Schwab to Offer Yes‑No S&P 500 Prediction Contracts

Schwab will sell yes-or-no contracts that pay if the S&P 500 closes above or below set target prices, launching within months through a partnership with Cboe Global Markets.

Charles Schwab will offer yes-or-no contracts that let customers wager on whether the S&P 500 closes above or below specified target prices. The contracts resolve to a binary outcome at the market close and settle in cash.

Schwab plans to distribute the contracts through Cboe Global Markets and aims to launch the product within months. The offering will be limited to index-closing price outcomes rather than events tied to politics, sports, weather or individual companies.

The product would mark Schwab’s first entry into prediction-style markets. Earlier this year the firm launched spot Bitcoin and Ether trading for retail clients. Schwab reported net income of $2.5 billion for the first quarter of 2026.

Private platforms such as Kalshi and Polymarket already offer event contracts tied to the S&P 500. Cryptocurrency exchanges have also developed prediction offerings. Some industry estimates project annual volume in event-contract trading could reach as much as $1 trillion by 2030.

Regulatory scrutiny of prediction markets is active. State gaming regulators have challenged certain event contracts, particularly those tied to sports. Federal lawmakers have proposed measures to restrict trading by some officials and to tighten oversight of platforms. The Commodity Futures Trading Commission has taken the position that event contracts qualify as “swaps” and fall under its exclusive regulatory jurisdiction. Legal disputes between platforms, state authorities and federal regulators remain unresolved.
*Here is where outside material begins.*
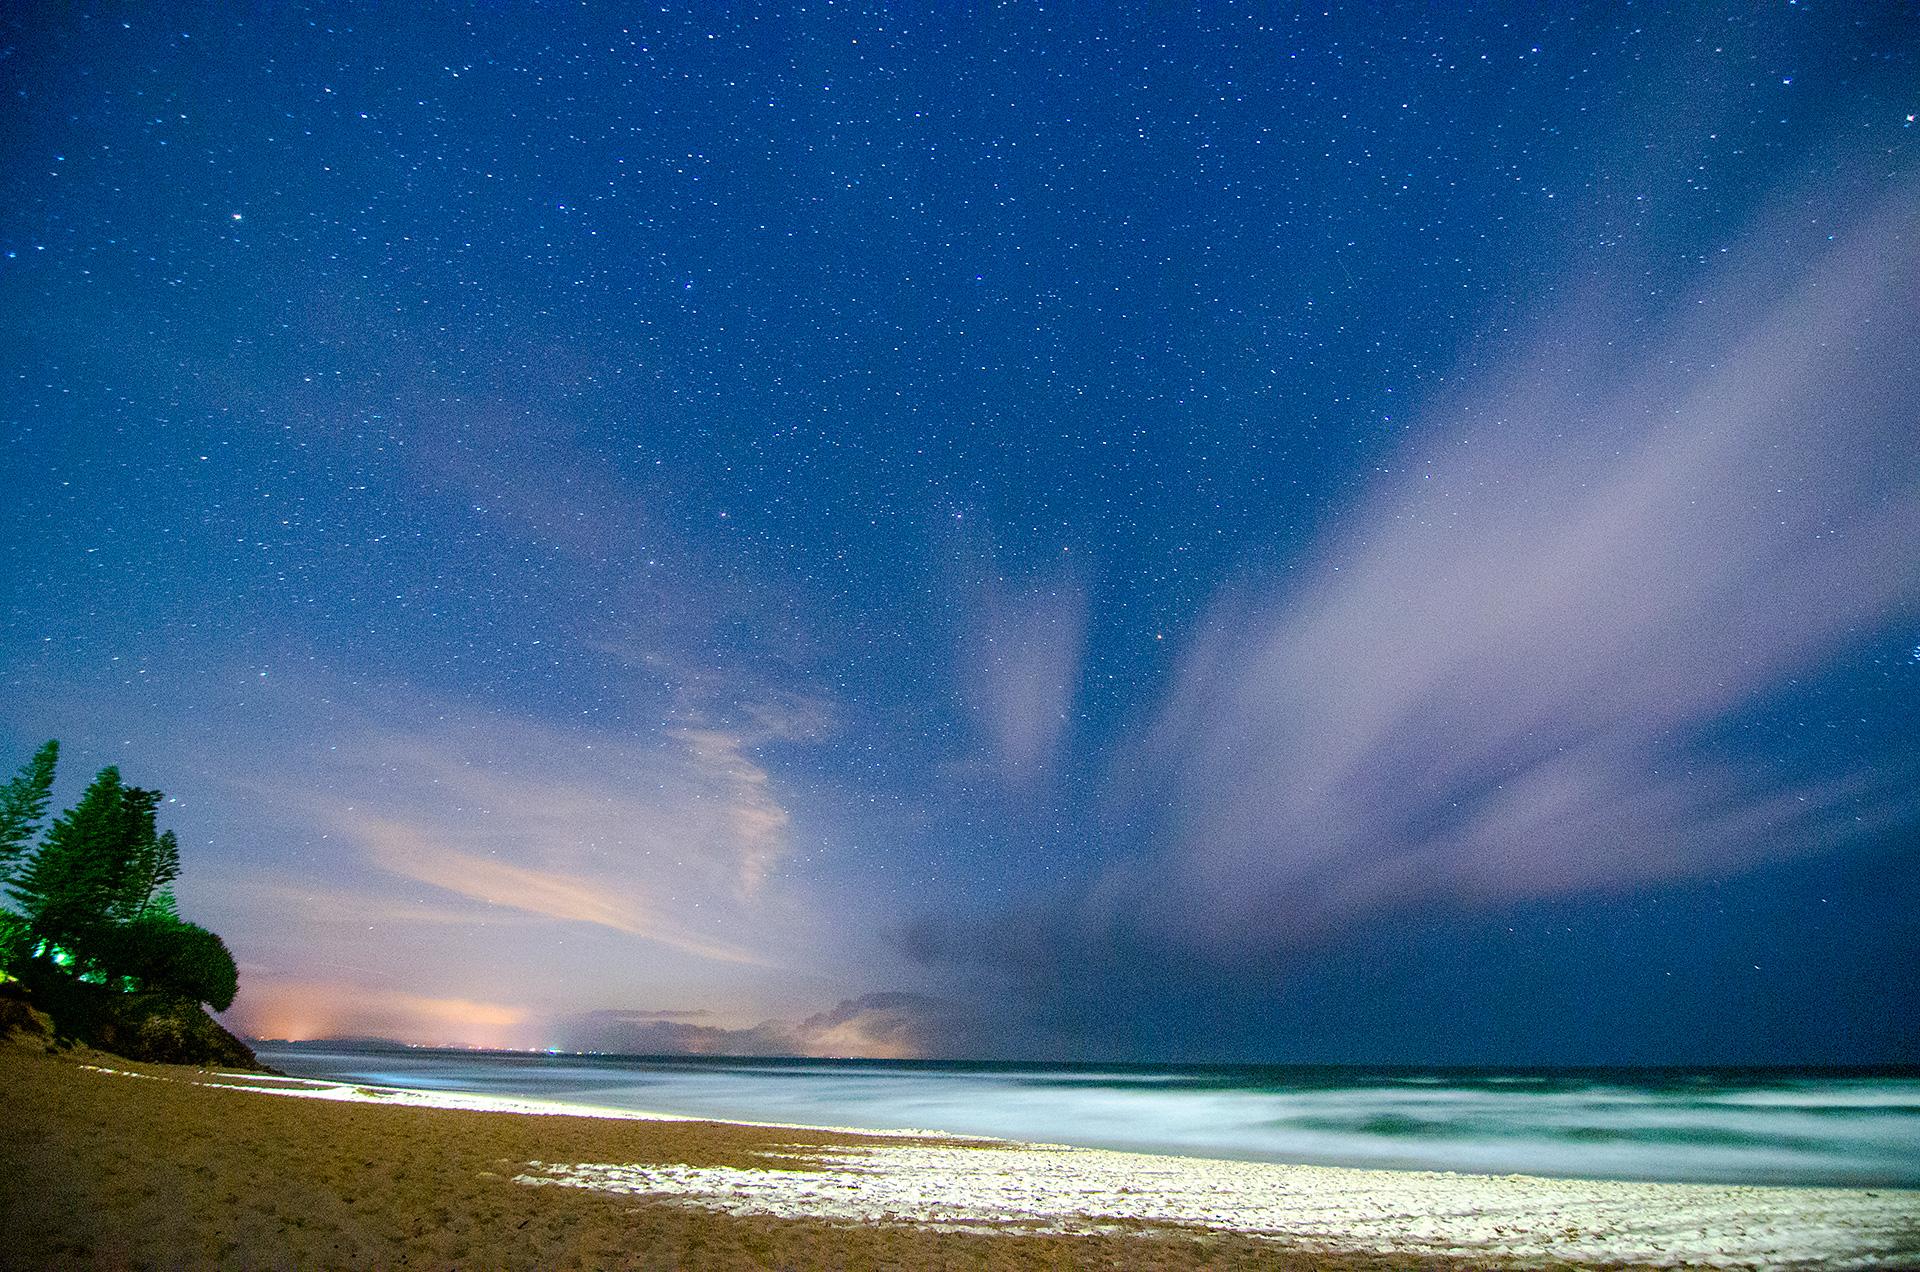 Belongil Beach Night Sky Download Full Resolution 1920x1272 1546KB 13597

Contracts of this type typically settle in cash based on whether a stated event occurs, and traders use them for speculation and hedging. Schwab has not disclosed full product design or its regulatory strategy. If launched through Cboe, the product would add a major retail brokerage to the list of firms offering event-based financial instruments, while ongoing legal and regulatory developments will shape how the market operates.